Control	Evidence Type	Automation
Access reviews	Quarterly user access reports	Export from IAM; diff against previous quarter
Penetration tests	Third-party test report	Schedule annually; track findings to closure
Backup restoration	Monthly restoration test	Automated test with pass/fail logging
Code review	PR approval audit trail	GitHub API export of approvals and rejections
Incident response	Postmortem documents	Template-driven; track time to resolution

System Monitoring

# Centralized audit logging
class AuditEvent(BaseModel):
    timestamp: datetime
    actor: str
    action: str
    resource: str
    result: str  # success / denied / error
    ip_address: str
    user_agent: str
    correlation_id: str

def log_audit_event(event: AuditEvent):
    # Write to tamper-resistant log store
    audit_store.append(event.json())
    
    # Alert on suspicious patterns
    if event.result == "denied" and event.action == "admin_access":
        alert_security_team(f"Admin access denied: {event.actor}")

Vendor Management

SOC 2 requires due diligence on third-party vendors.

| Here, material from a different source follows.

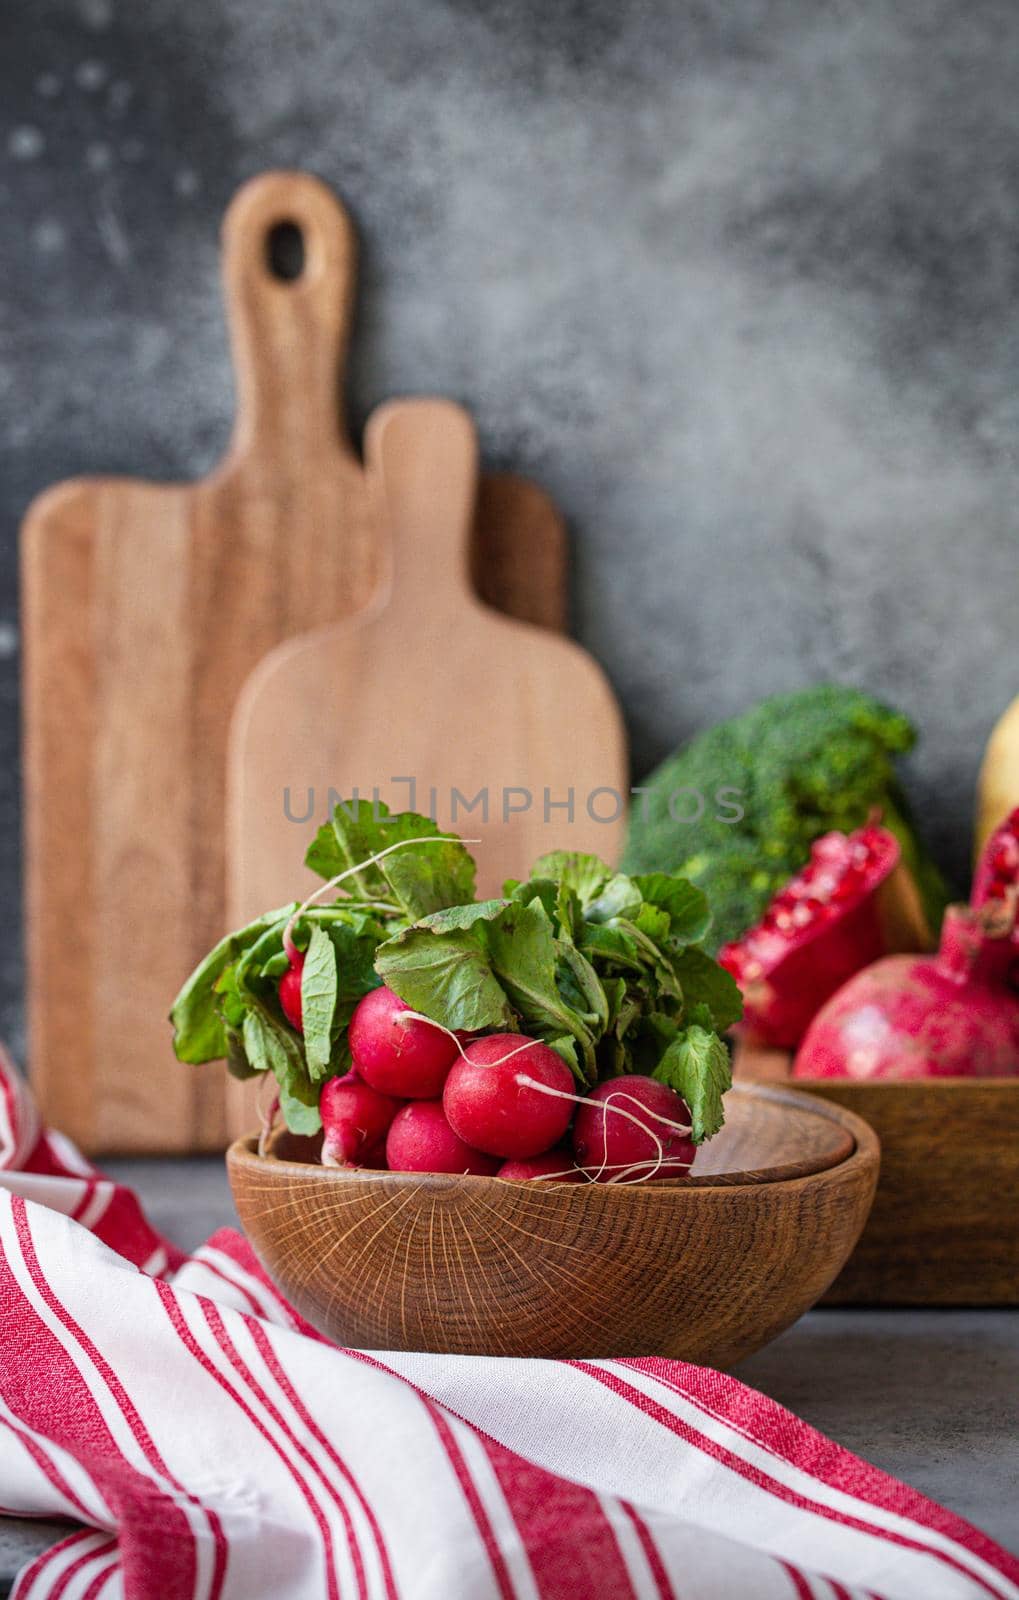 Radish bunch with fruit and veggies on kitchen table by its_al_dente
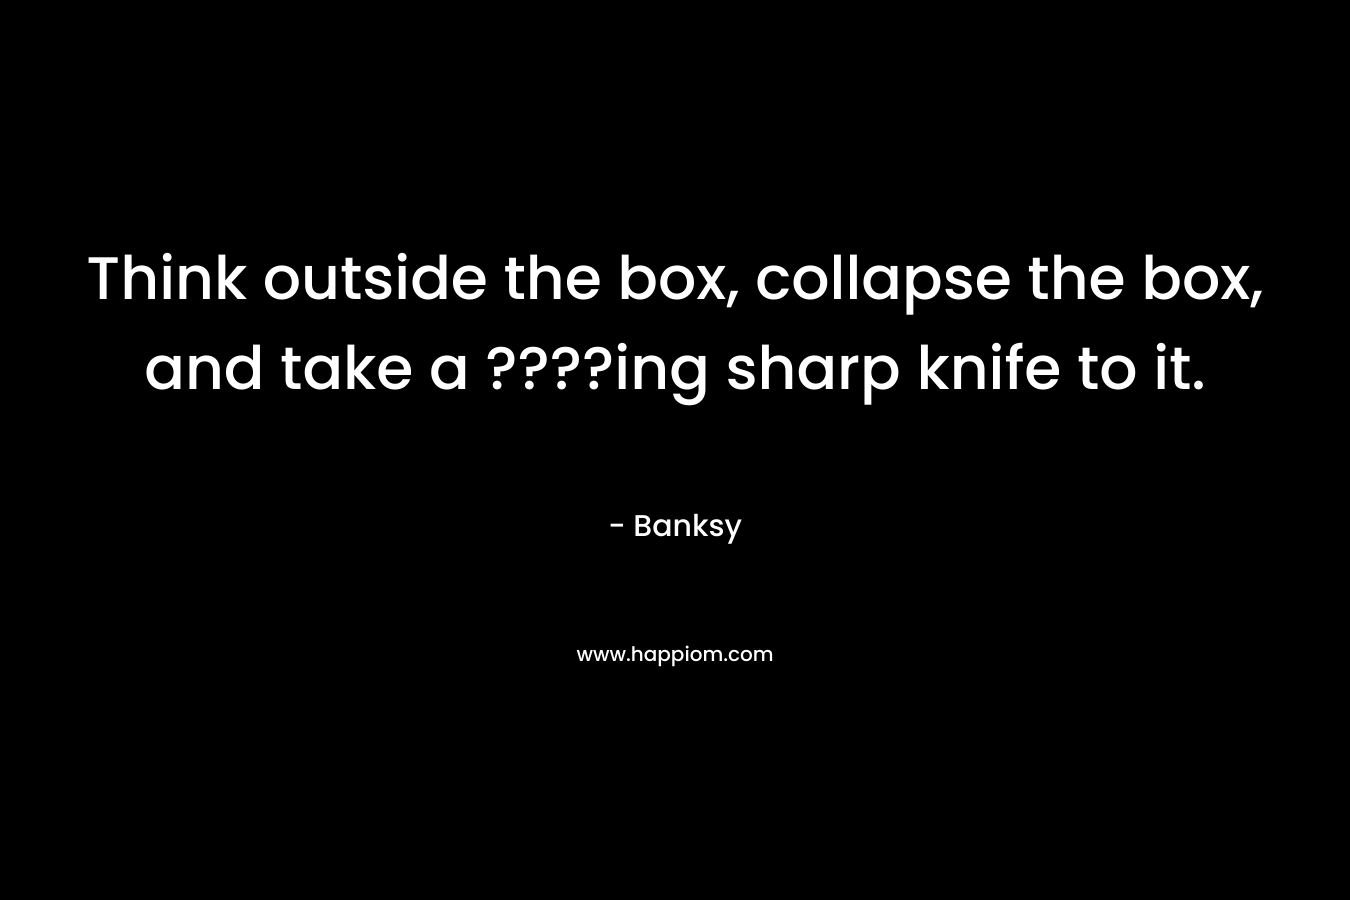 Think outside the box, collapse the box, and take a ????ing sharp knife to it. – Banksy

Vendor Onboarding Checklist:
- [ ] Review vendor SOC 2 report (Type II preferred)
- [ ] Document data shared with vendor
- [ ] Sign DPA (Data Processing Agreement)
- [ ] Verify encryption in transit and at rest
- [ ] Confirm incident notification SLA
- [ ] Schedule annual review

Common Mistakes

• Treating SOC 2 as a one-time project — it is continuous; auditors review 3-12 months of evidence
• Relying on manual screenshots for evidence — automate evidence collection where possible
• No incident response plan — auditors will ask how you handled past incidents
• Ignoring offboarding — former employees with lingering access is a common finding
• Missing change management for infrastructure — Terraform changes need approval and audit trails too

FAQ

How long does SOC 2 Type II take? Typically 3-6 months of preparation, then a 3-12 month observation period before the audit report is issued.

What is the difference between Type I and Type II? Type I evaluates controls at a point in time. Type II evaluates controls over a period (usually 3-12 months) and requires evidence of continuous operation.

Do I need a separate audit for each customer? No. A single SOC 2 report can be shared with all customers, though some may request supplemental questionnaires.